Data for Level 2 units can be returned by using the `level = "2"` argument. The dataset will still show the corresponding Level 1 region.
An example of a country with Level 2 units is France, where Level 2 units are French departments:
```{r}
get_regional_data(country = "france", level = "2")
```
This data again has the following format:
```{r, echo=FALSE, eval=TRUE, message=FALSE}
knitr::kable(
tail(get_regional_data(country = "france", level = "2"), n = 5)
)
```
### Totals
For totalled data up to the most recent date available, use the `totals` argument.
```{r}
get_regional_data("france", totals = TRUE)
```
This data now has no date variable and reflects the latest total:
```{r, echo=FALSE, eval=TRUE, message=FALSE}
knitr::kable(
tail(get_regional_data(country = "france", totals = TRUE), n = 5)
)
```
## Data glossary
#### Subnational data
The data columns that will be returned by `get_regional_data()` are listed below.
To standardise across countries and regions, the columns returned for each country will _always_ be the same. If the corresponding data was missing from the original source then that data field is filled with NA values (or 0 if accessing totals data).
Note that Date is not included if the `totals` argument is set to TRUE. Level 2 region/level 2 region code are not included if the `level = "1"`.
* `date`: the date that the counts were reported (YYYY-MM-DD).
* `level_1_region`: the level 1 region name. This column will be named differently for different countries (e.g. state, province).
* `level_1_region_code`: a standard code for the level 1 region. The column name reflects the specific administrative code used. Typically data returns the iso_3166_2 standard, although where not available the column will be named differently to reflect its source.
* `level_2_region`: the level 2 region name. This column will be named differently for different countries (e.g. city, county).
* `level_2_region_code`: a standard code for the level 2 region. The column will be named differently for different countries (e.g. `fips` in the USA).
* `cases_new`: new reported cases for that day.
* `cases_total`: total reported cases up to and including that day.

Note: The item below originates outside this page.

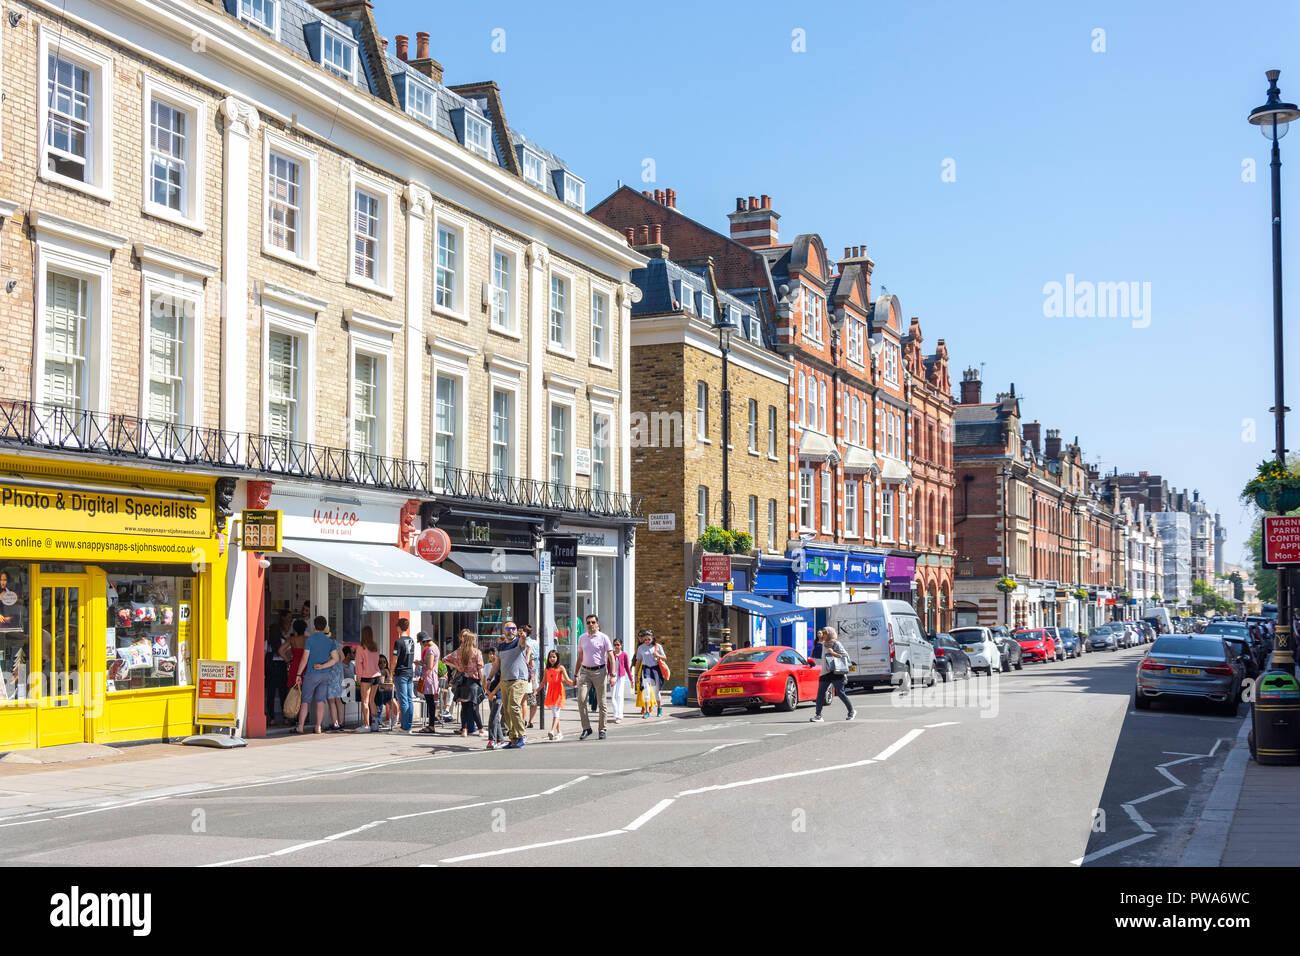 St John's Wood High Street, St John's Wood, City of Westminster, Greater London, England, United Kingdom - Stock Image

* `deaths_new`: new reported deaths for that day.
* `deaths_total`: total reported deaths up to and including that day.
* `recovered_new`: new reported recoveries for that day.

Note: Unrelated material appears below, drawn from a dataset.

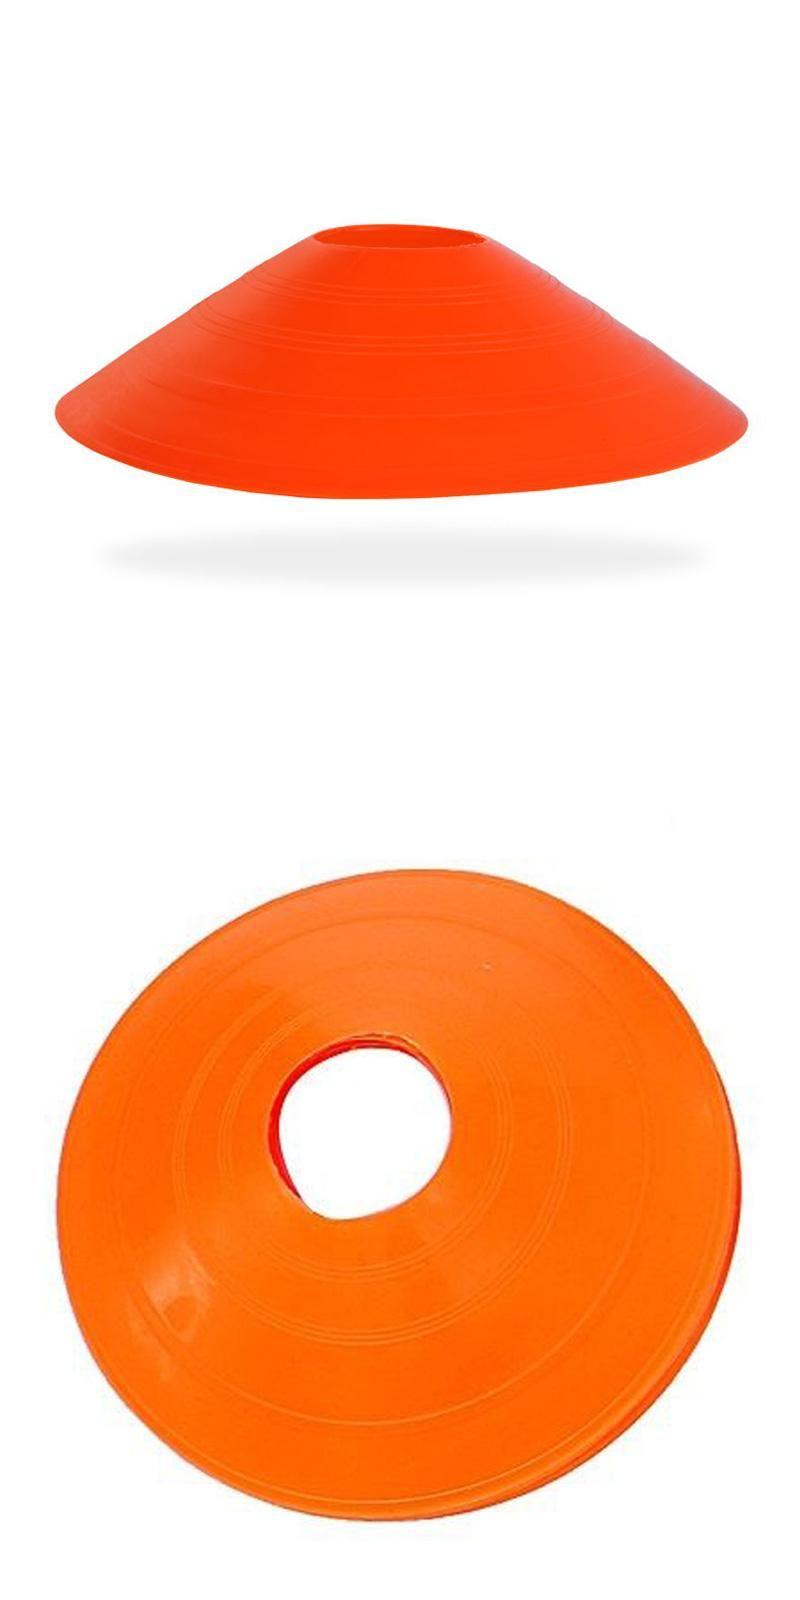 19cm Hot Outdoor Marker Discs Sports Saucer Soccer Football Training Cones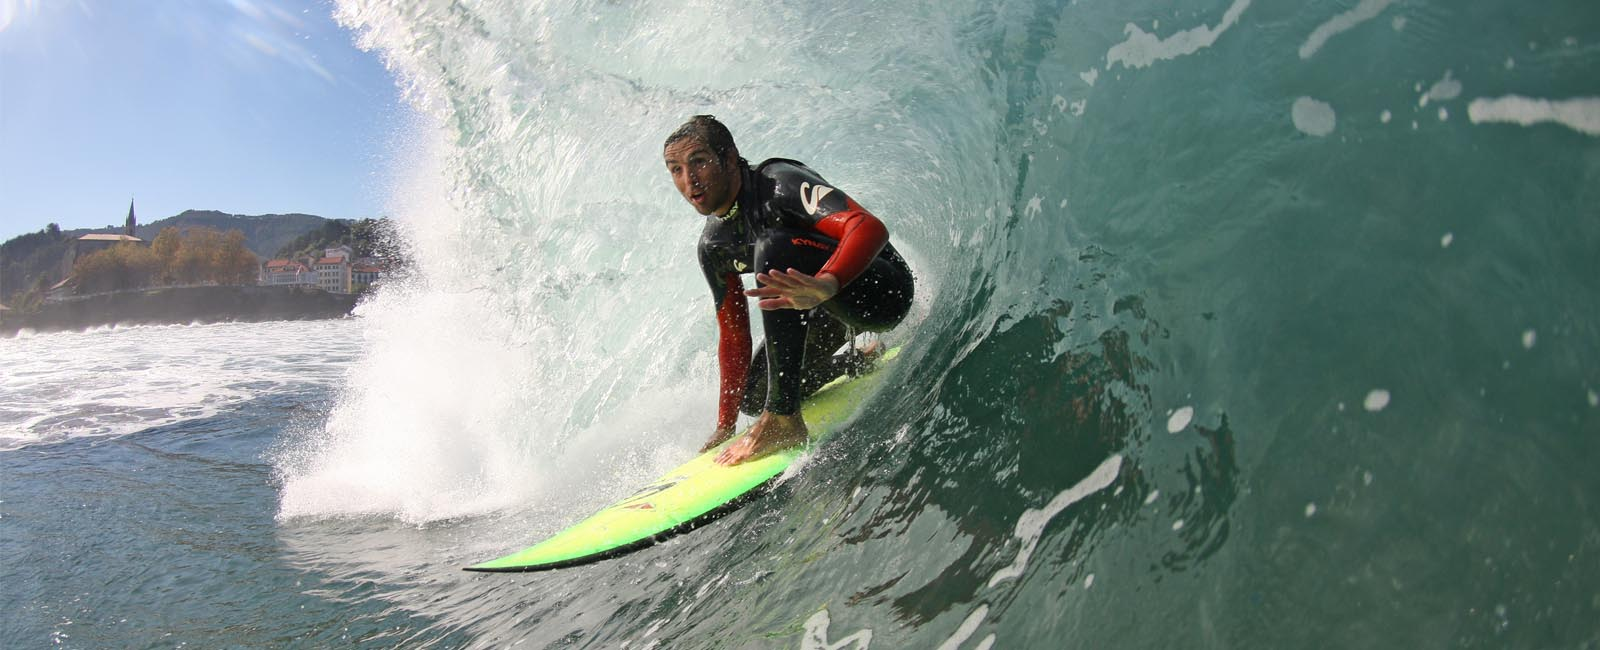 surf-kynay

* `recovered_total`: total reported recoveries up to and including that day.
* `hosp_new`: new reported hospitalisations for that day.

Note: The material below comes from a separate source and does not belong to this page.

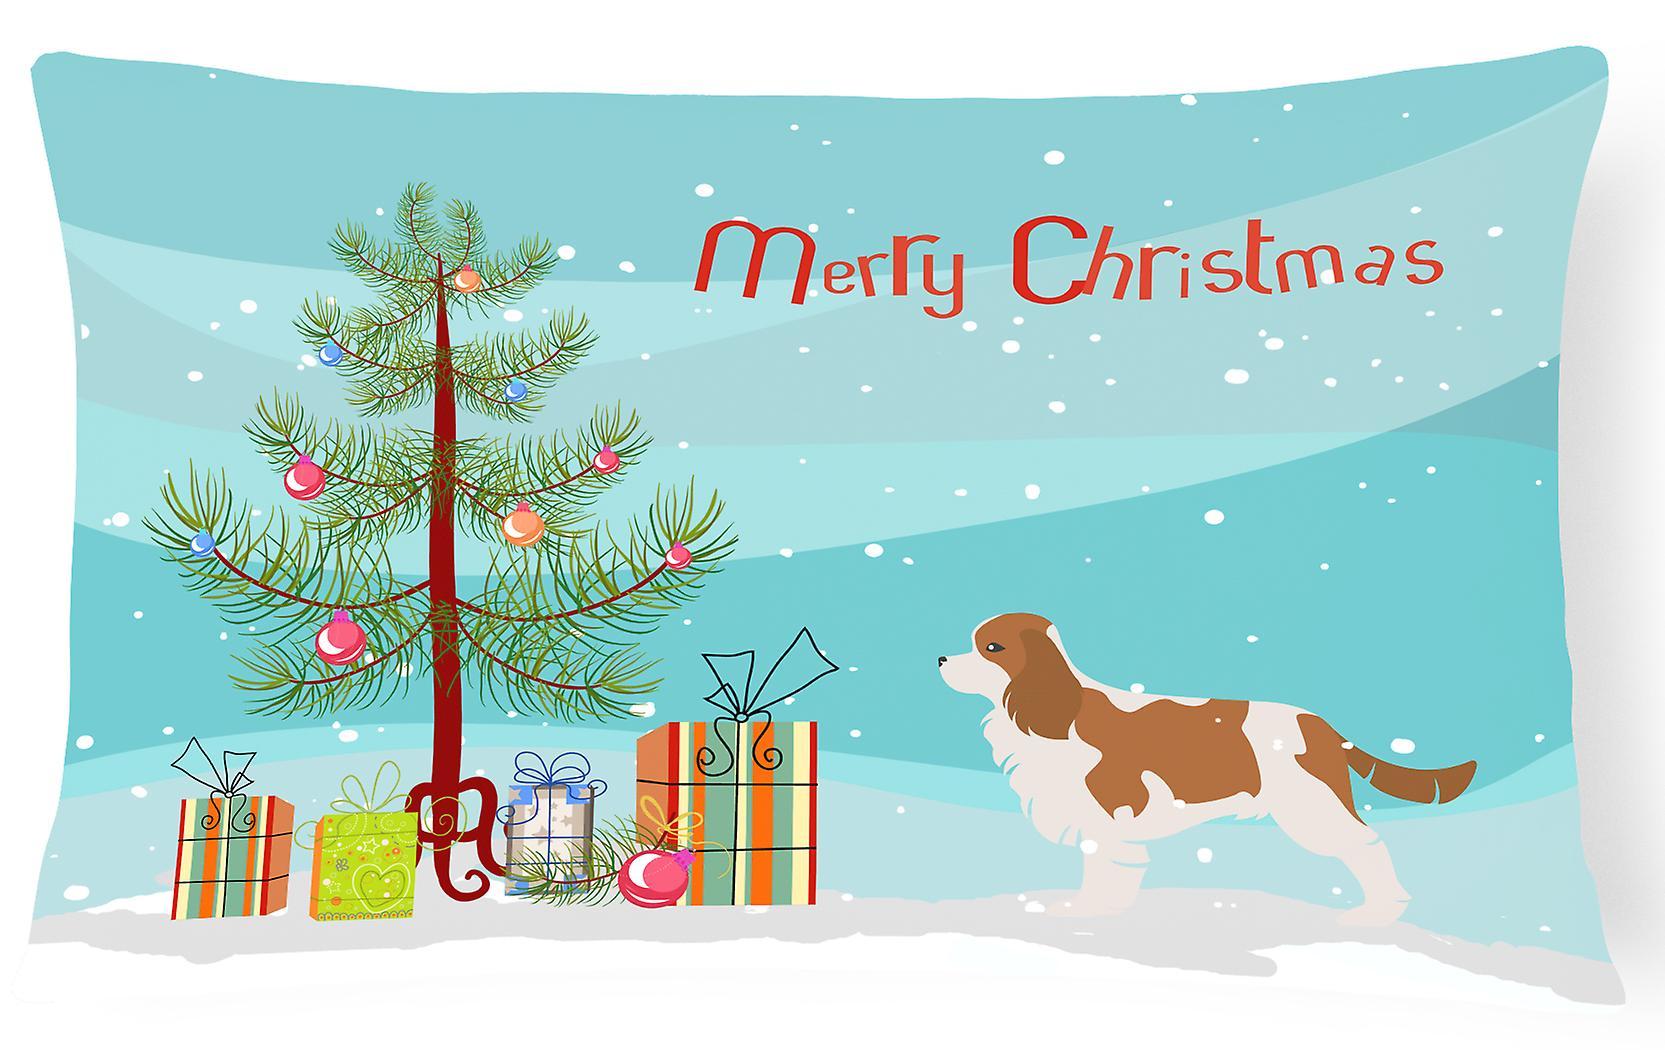 Pilule Décoratif King Tissu Merry Cavalier Charles Christmas Toile Tree Spaniel 8wm0nN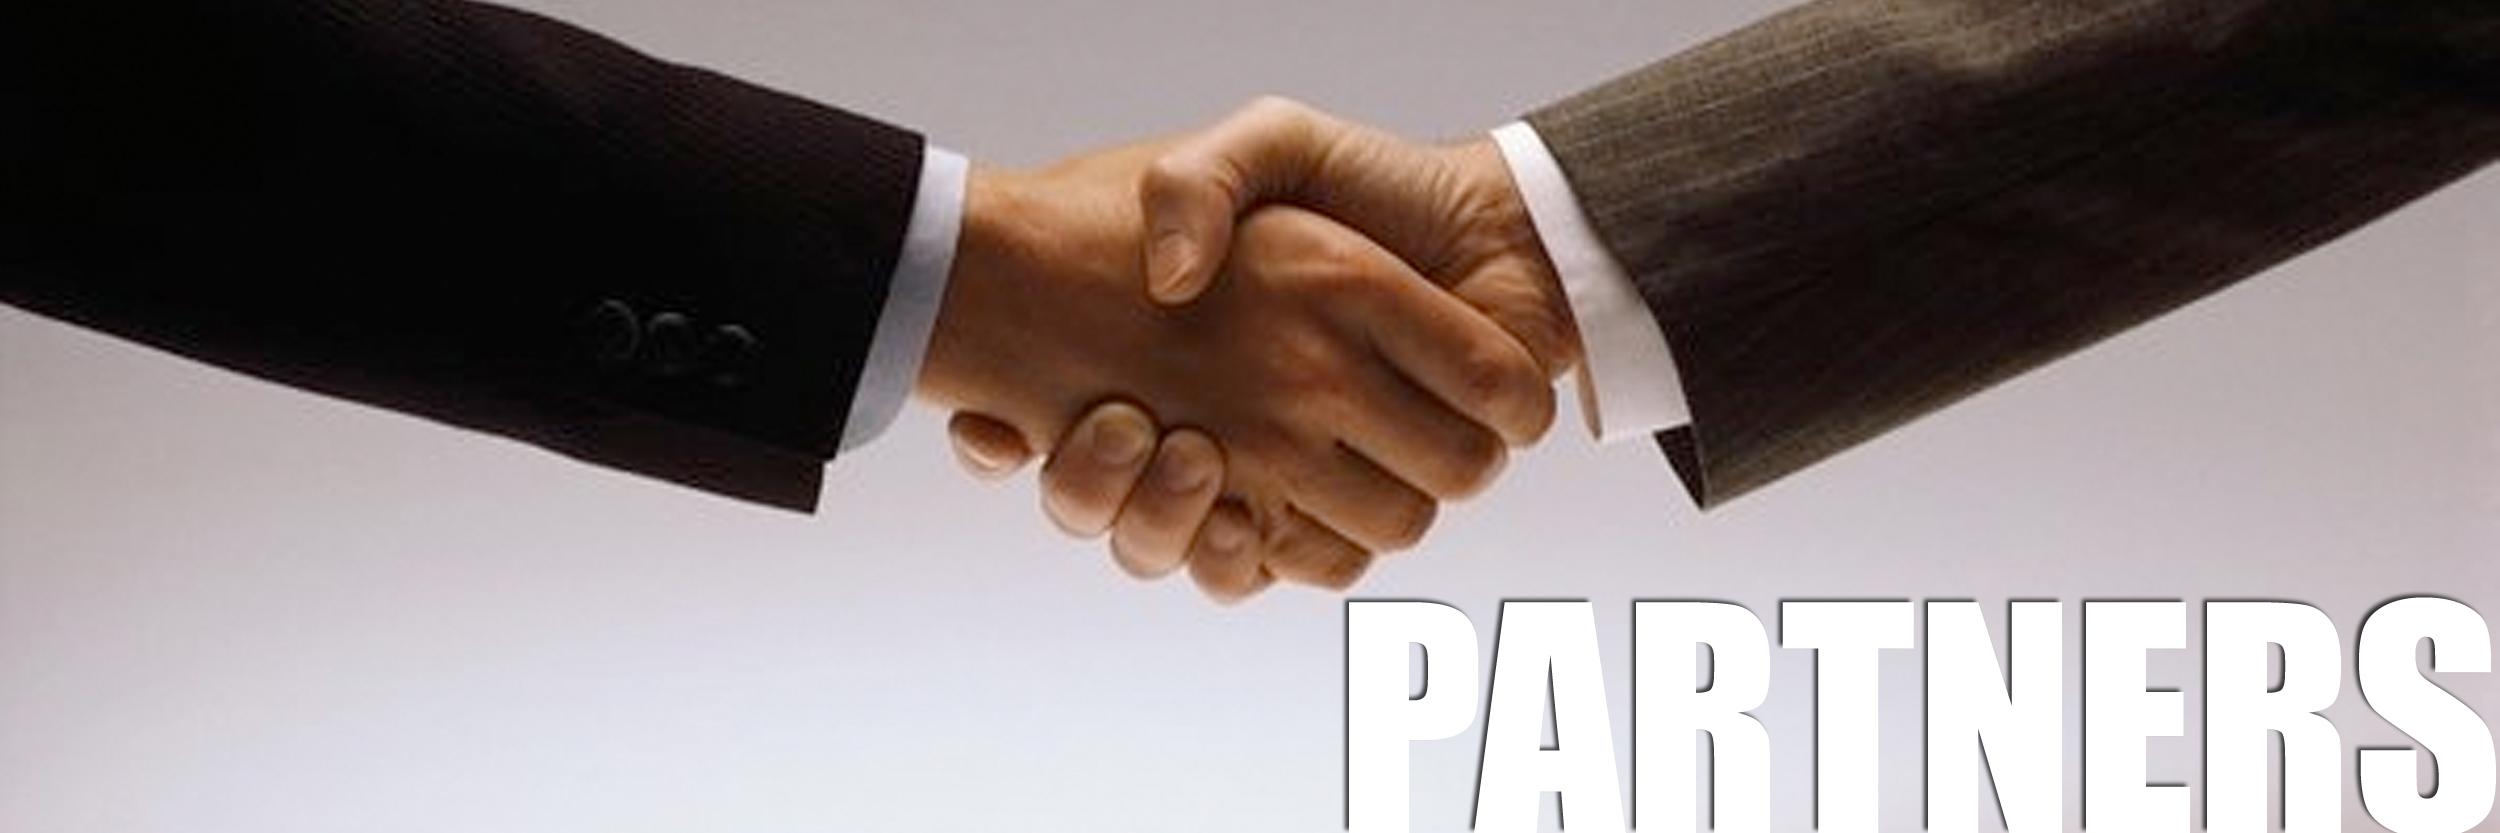 Vpartners

* `hosp_total`: total reported hospitalisations up to and including that day (note this is cumulative total of new reported, _not_ total currently in hospital).
* `tested_new`: tests for that day.
* `tested_total`: total tests completed up to and including that day.
#### National data
In addition to the above, the following columns are included when using `get_national_data()`.
* `un_region`: country geographical region defined by the United Nations.
* `who_region`: only included when `source = "WHO"`. Country geographical region defined by WHO.
* `population_2019`: only included when `source = "ECDC"`. Total country population estimate in 2019.